In the Tribunal’s view, that information is relevant as it shows that the applicant and his family members had provided false or misleading information in their past dealings with the Department. Significantly, the information also indicates that the family has ready access to bogus documents (such as birth records and marriage certificate). The Tribunal is mindful that in response to the NOICC the applicant provided his father’s death certificate and statements from community members. The Tribunal sought to verify the death certificate through the overseas post but was informed on 23 August 2019 that such verification could not be done. Given the provision, and the availability of bogus documents in the past, the Tribunal has formed the view that such documents are unreliable and should be given no weight.
The delegate found that the applicant failed to comply with s.101(a) by not providing the given name, the family name and the date of birth of his father in response to Question 19 of Form 80. The delegate also found that the applicant did not comply with s.101(b) by providing incorrect information in response to Question 37 of Form 47SP by referring to his father Syed Nadir as being deceased. The delegate acknowledged that the applicant did not complete the form himself but found, by reference to s.99 of the Act, that he was taken to have given that information. The delegate noted that if the correct information was known, the applicant may not have been assessed as being a member of the family unit of the primary visa applicant.
In his submission to the delegate of 8 September 2017 the applicant stated that his father had died in a bomb blast on 1 December 2001 and the applicant presented a statement from his mother who outlined the difficulties of raising the family on her own. The applicant states that the family had a funeral ceremony for their father and fled the country shortly after for their safety. The applicant states that his father is Nadir Syed and not Syed Nadir Shah.

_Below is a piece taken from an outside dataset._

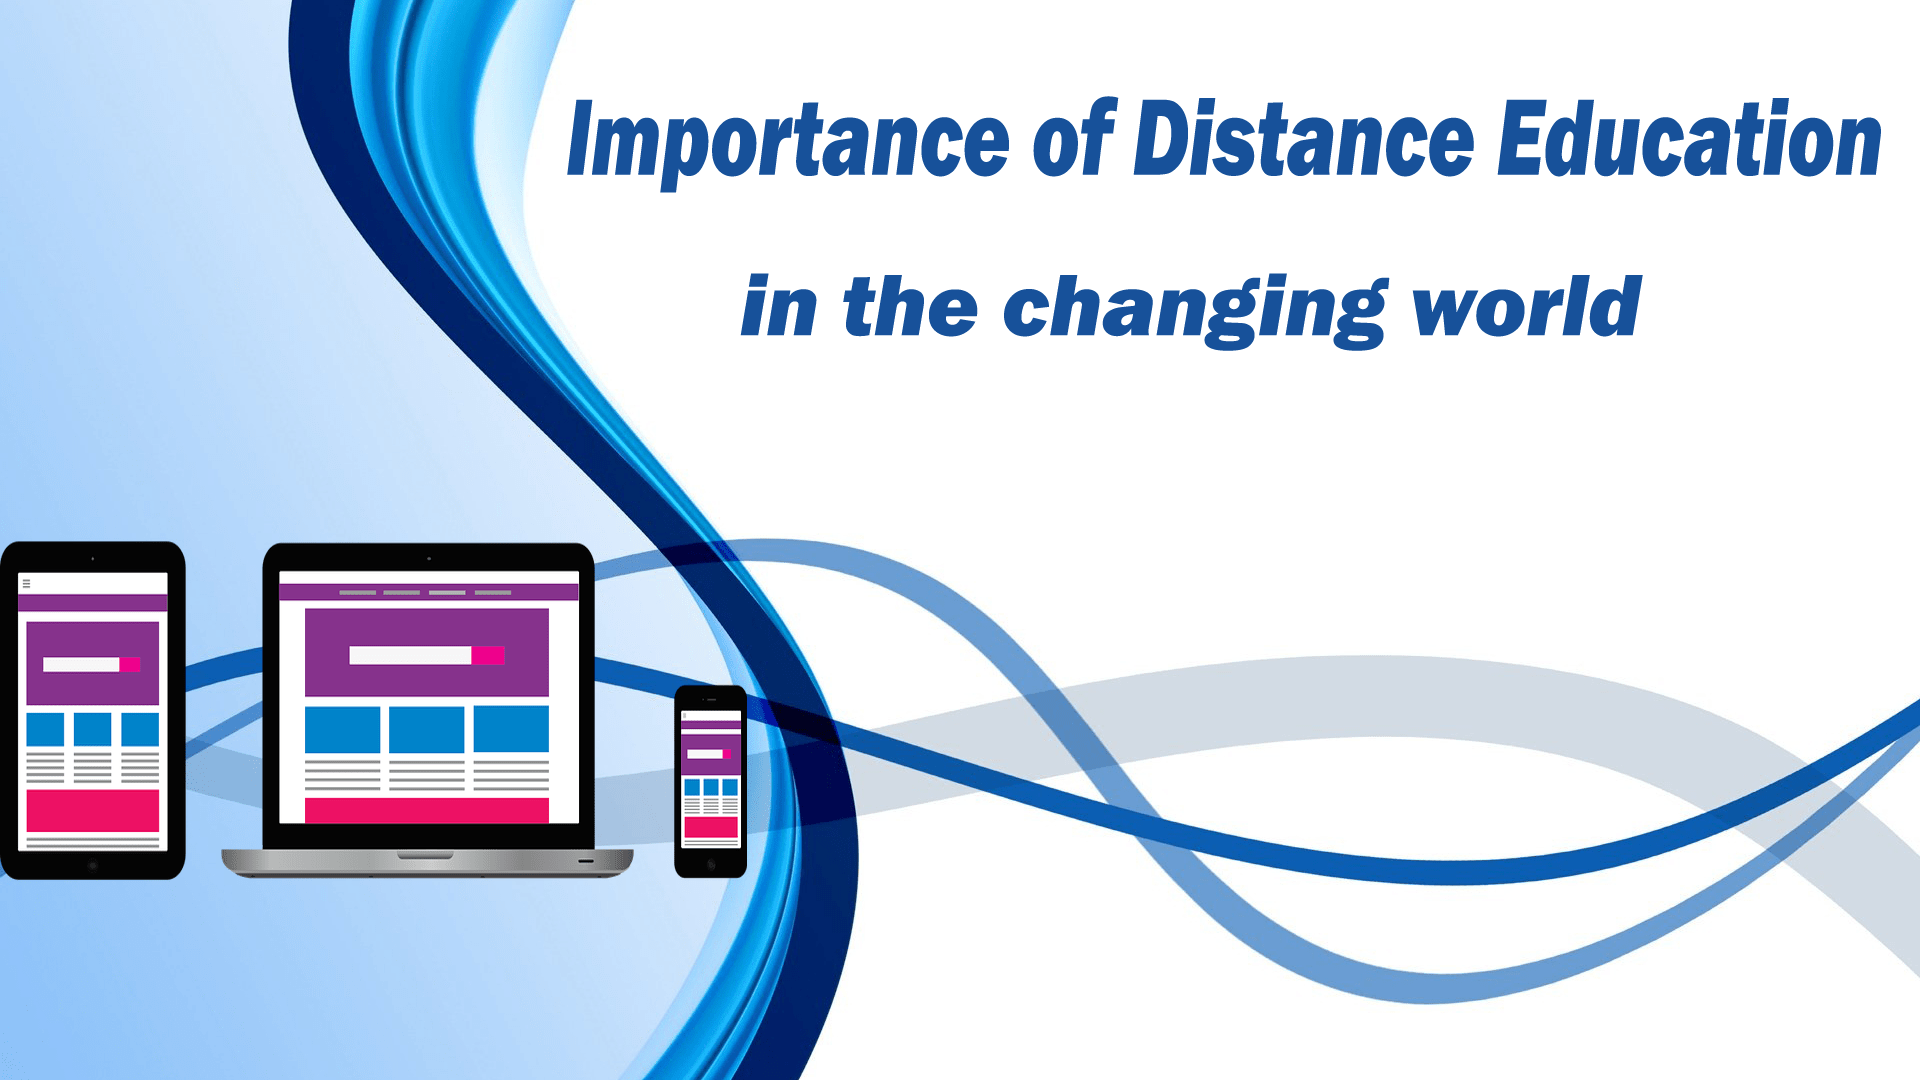 research about distance education

In his submission to the delegate of 12 February 2019 the applicant stated that he had not lived in Afghanistan since 2001 and that it is unsafe for him to return. The applicant refers to the large amount of false or misleading information which has come to the Department and which is outside of his knowledge. The applicant states that some of the allegations result from a land dispute between the applicant’s family and descendants of an uncle. That land dispute caused the applicant’s father and oldest brother to remain in Afghanistan in order to sell the land and his father was killed. The applicant accepted that documents were submitted by his family which ‘turned out not to be authentic’. The applicant notes that some were obtained in good faith from the Afghan Consulate in Quetta. The applicant states that other allegations – including the family’s involvement in people smuggling – were not true. The applicant states that the family believed his father was killed and they had recently obtained a new death certificate in Kabul. They do not know who the person is who claims to have a similar name to his father and they suspect that person used the same broker. The applicant states that two members of the family dealt with the Pakistani authorities to obtain identity documents to enable them to work but they had no contact with the Pakistani authorities since coming to Australia and any reference relating to them dealing with Pakistani passports is false. The applicant states that any facial imaging assessment confirming Pakistani identity ‘cannot be taken seriously’.
The applicant submits that there is ‘strong evidence’ that the family’s claims are truthful. The applicant presented to the delegate a letter from the President of the Afghani Fajar Association who confirmed the death of Syed Nadir. He also presented statements from other members of the Australian Hazara community who originated from the same district as the applicant’s family who also confirm the death of the applicant’s father.
The applicant submits that the information provided by Pakistani authorities as to an unknown person in Pakistan who claims to be, or who is claimed to be the applicant’s father is false and should be given no weight. The applicant states that the family has been recognised by the local Hazara community and that should be definitive. The applicant states that he has been a model resident in Australia since his arrival, has supported his family and paid taxes. The cancellation of his visa and loss of employment would be ‘catastrophic’ for his family.
In his submission to the Tribunal of 8 July 2019 the applicant agrees that Hameeda is his sister-in-law and not his sister. The applicant states that Hameeda and her daughters were living with him at the time of the application and were dependent on him and met the visa requirements as dependent family members.
The applicant repeated the information set out in his earlier submissions to the delegate, stating that his father was killed around December 2001 and that it is not accepted that the person living in Pakistan is his father. The applicant states that his brother Kazimi married Hameeda and obtained false documents showing him to be a Pakistani citizen before traveling to Australia in 2010. The other brother Agha also obtained false Pakistani documents to be able to work in Pakistan but not other family members as there was no need for that. The applicant denied the allegations that Kazimi visited Dubai and also that Hameeda did not marry Syed Jahangir.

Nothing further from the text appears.